- [Problem statement]
Restate all the lines below word for word, but omit the pictures.

- [Exercise data]
---*---

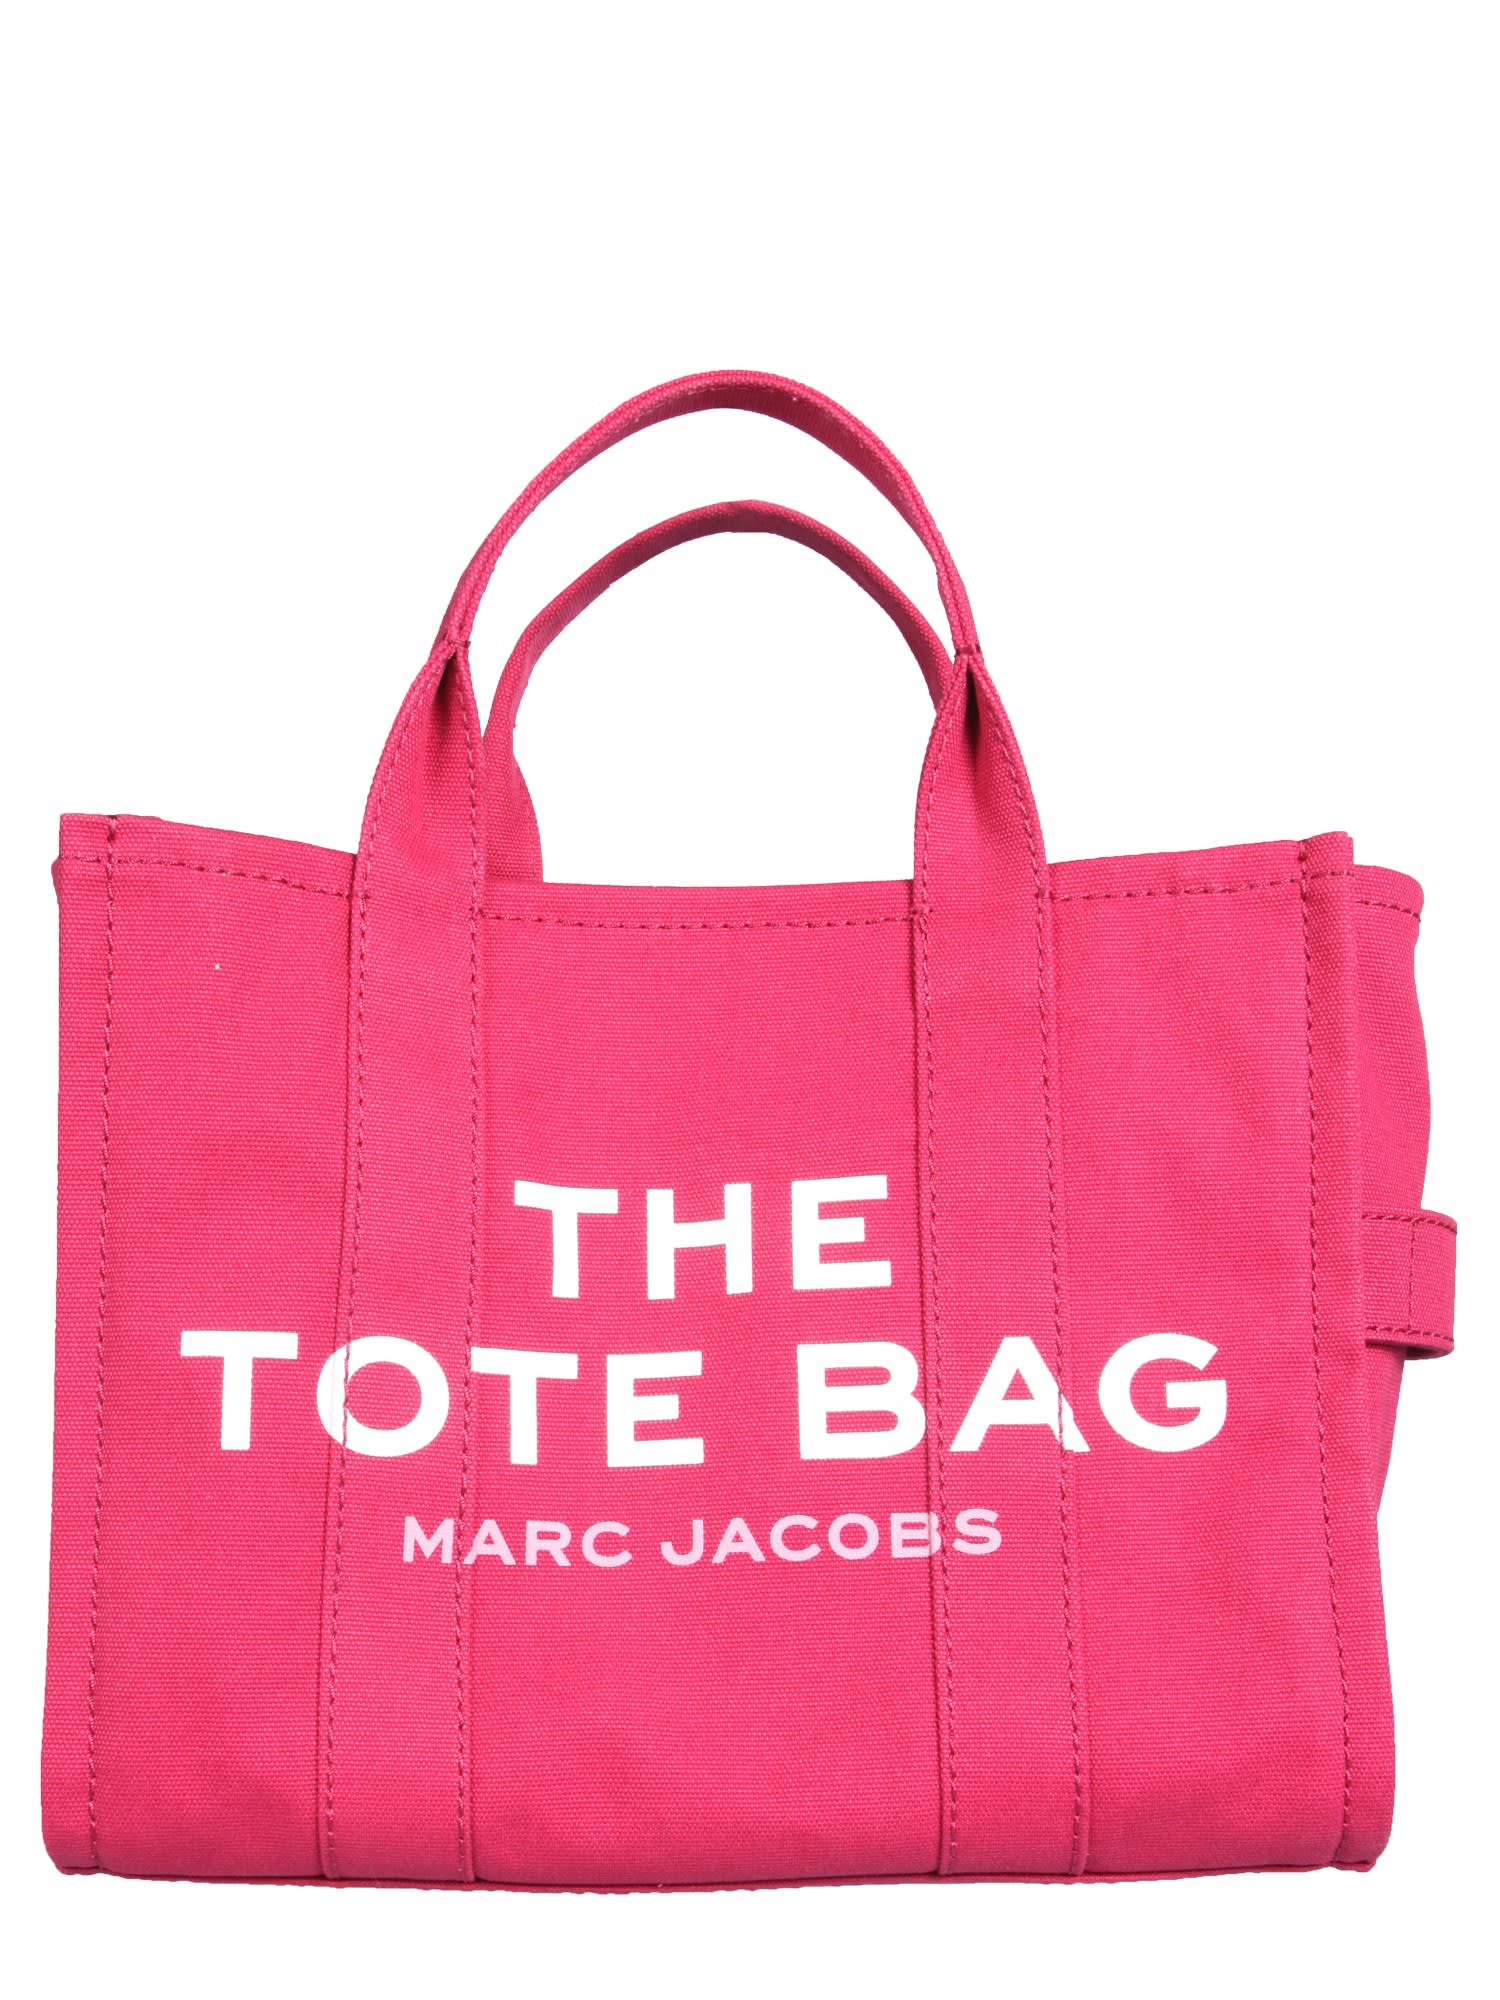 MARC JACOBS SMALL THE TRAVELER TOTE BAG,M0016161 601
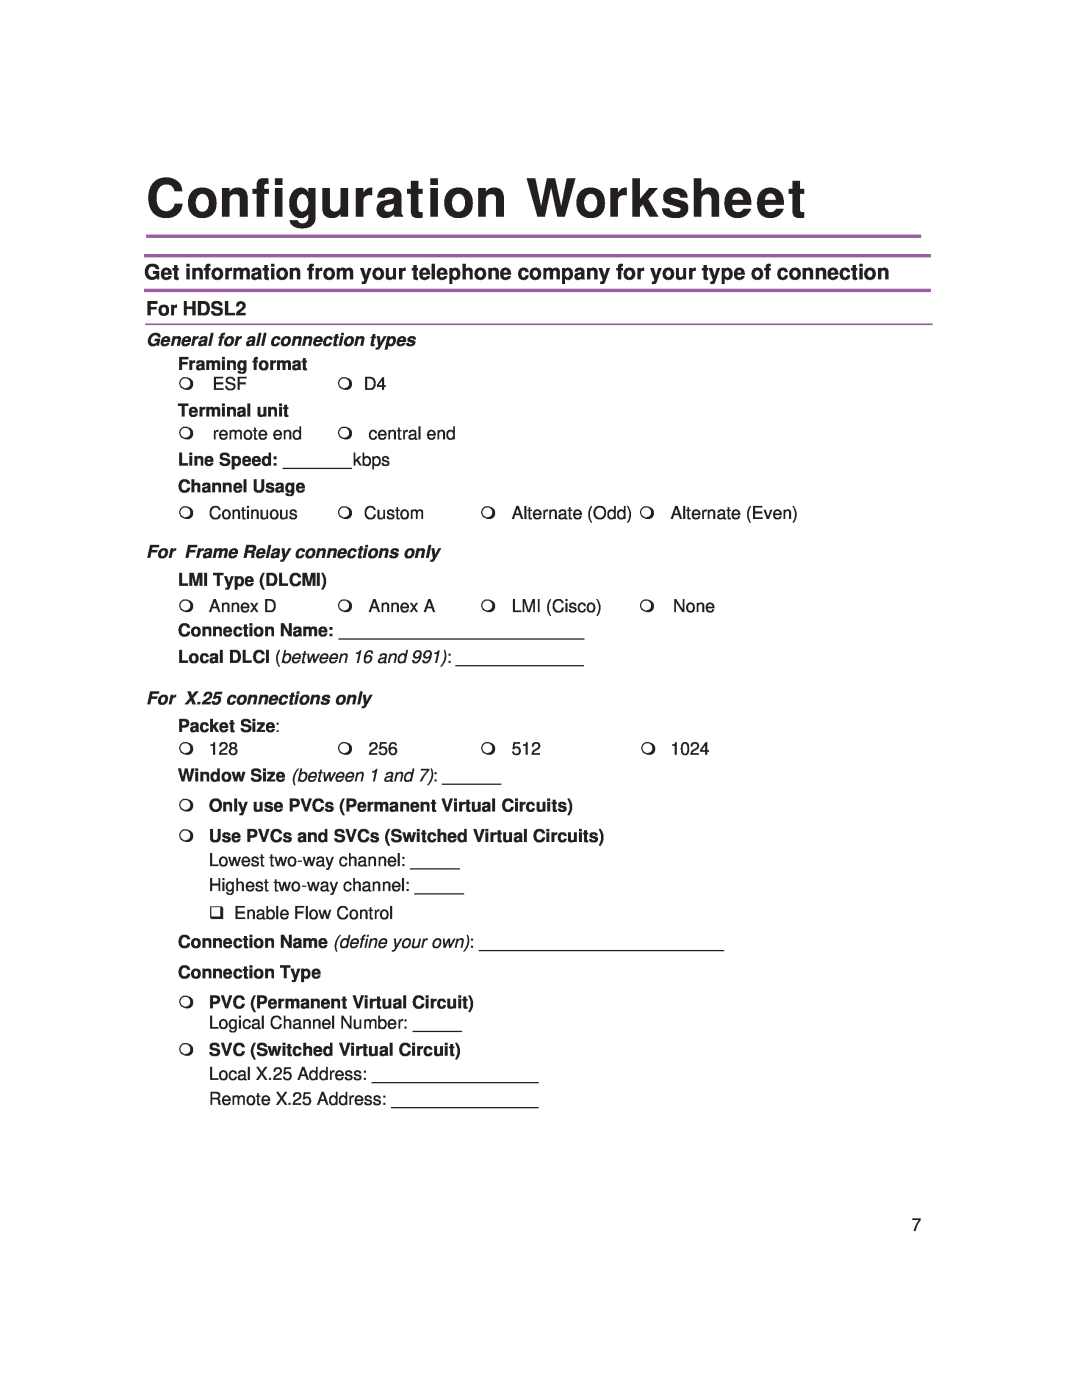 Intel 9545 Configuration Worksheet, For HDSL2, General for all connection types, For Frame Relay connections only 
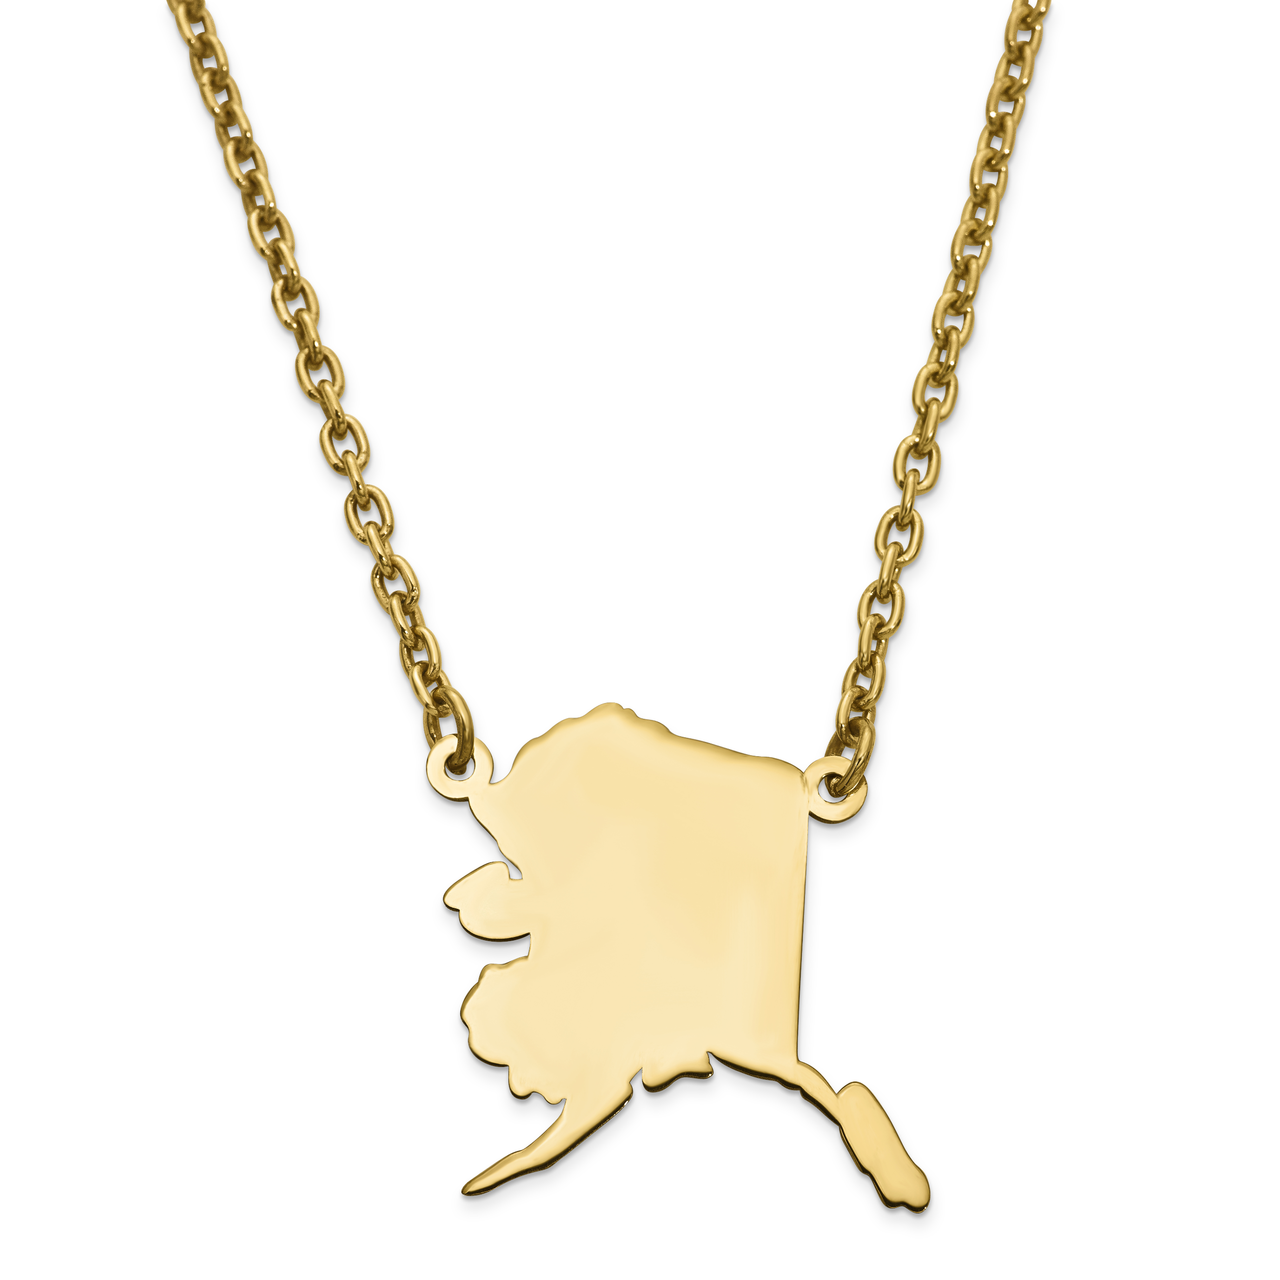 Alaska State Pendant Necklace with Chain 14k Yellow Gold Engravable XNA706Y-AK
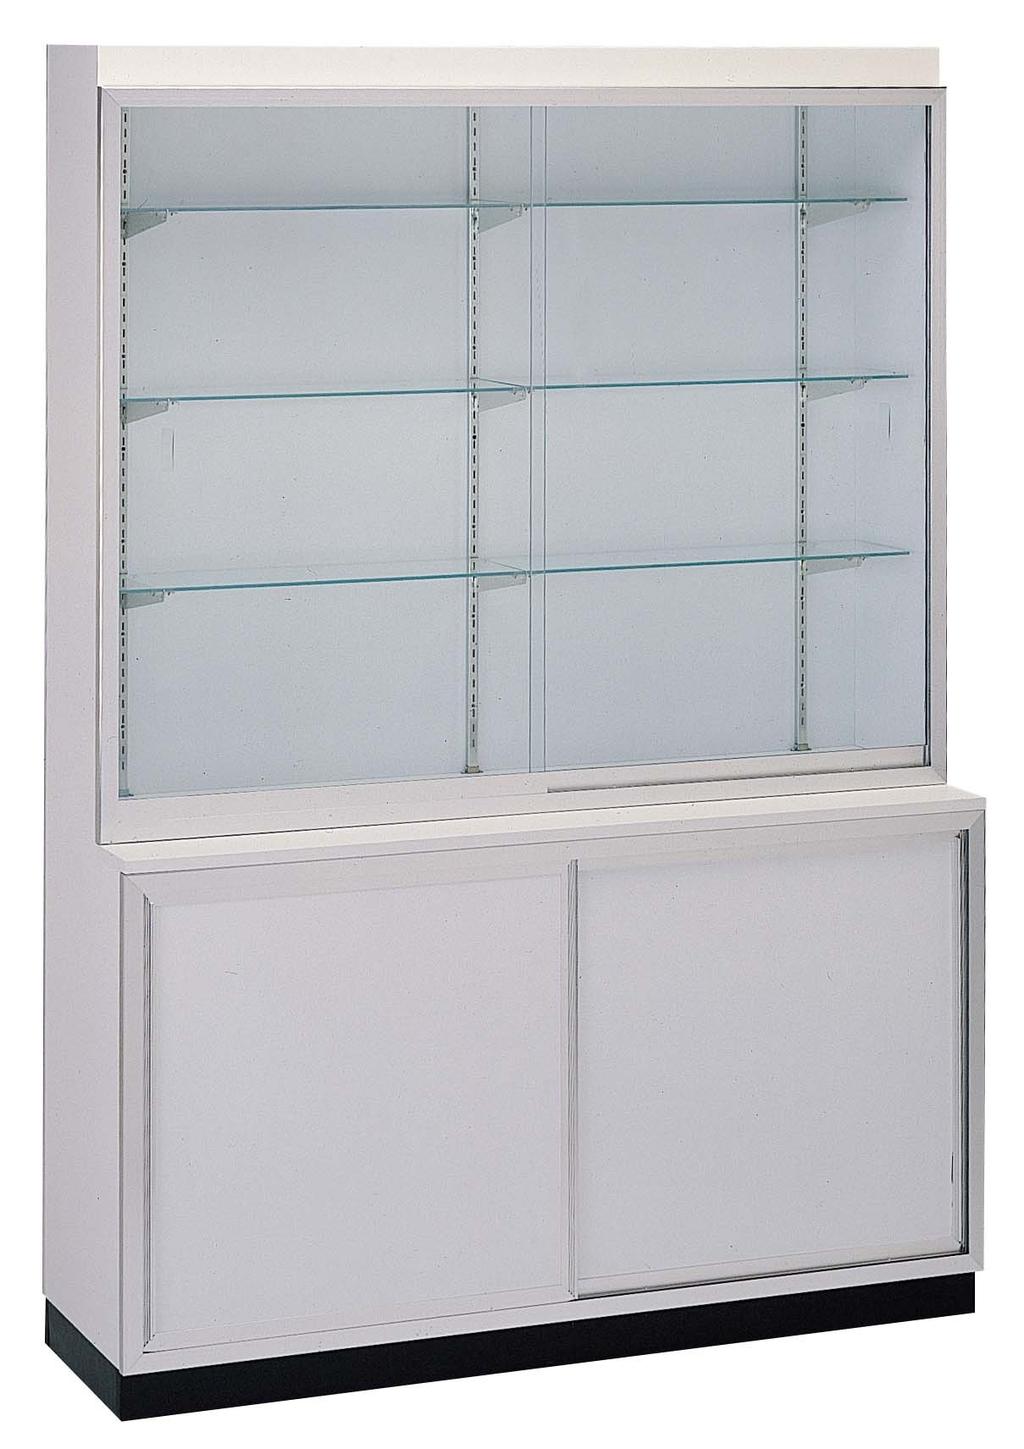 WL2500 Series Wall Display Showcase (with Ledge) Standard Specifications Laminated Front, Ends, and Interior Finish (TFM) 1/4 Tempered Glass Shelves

---*---

- [Task result]
 MARC JACOBS SMALL THE TRAVELER TOTE BAG,M0016161 601
 Intel 9545 Configuration Worksheet, For HDSL2, General for all connection types, For Frame Relay connections only 
 Alaska State Pendant Necklace with Chain 14k Yellow Gold Engravable XNA706Y-AK
 WL2500 Series Wall Display Showcase (with Ledge) Standard Specifications Laminated Front, Ends, and Interior Finish (TFM) 1/4 Tempered Glass Shelves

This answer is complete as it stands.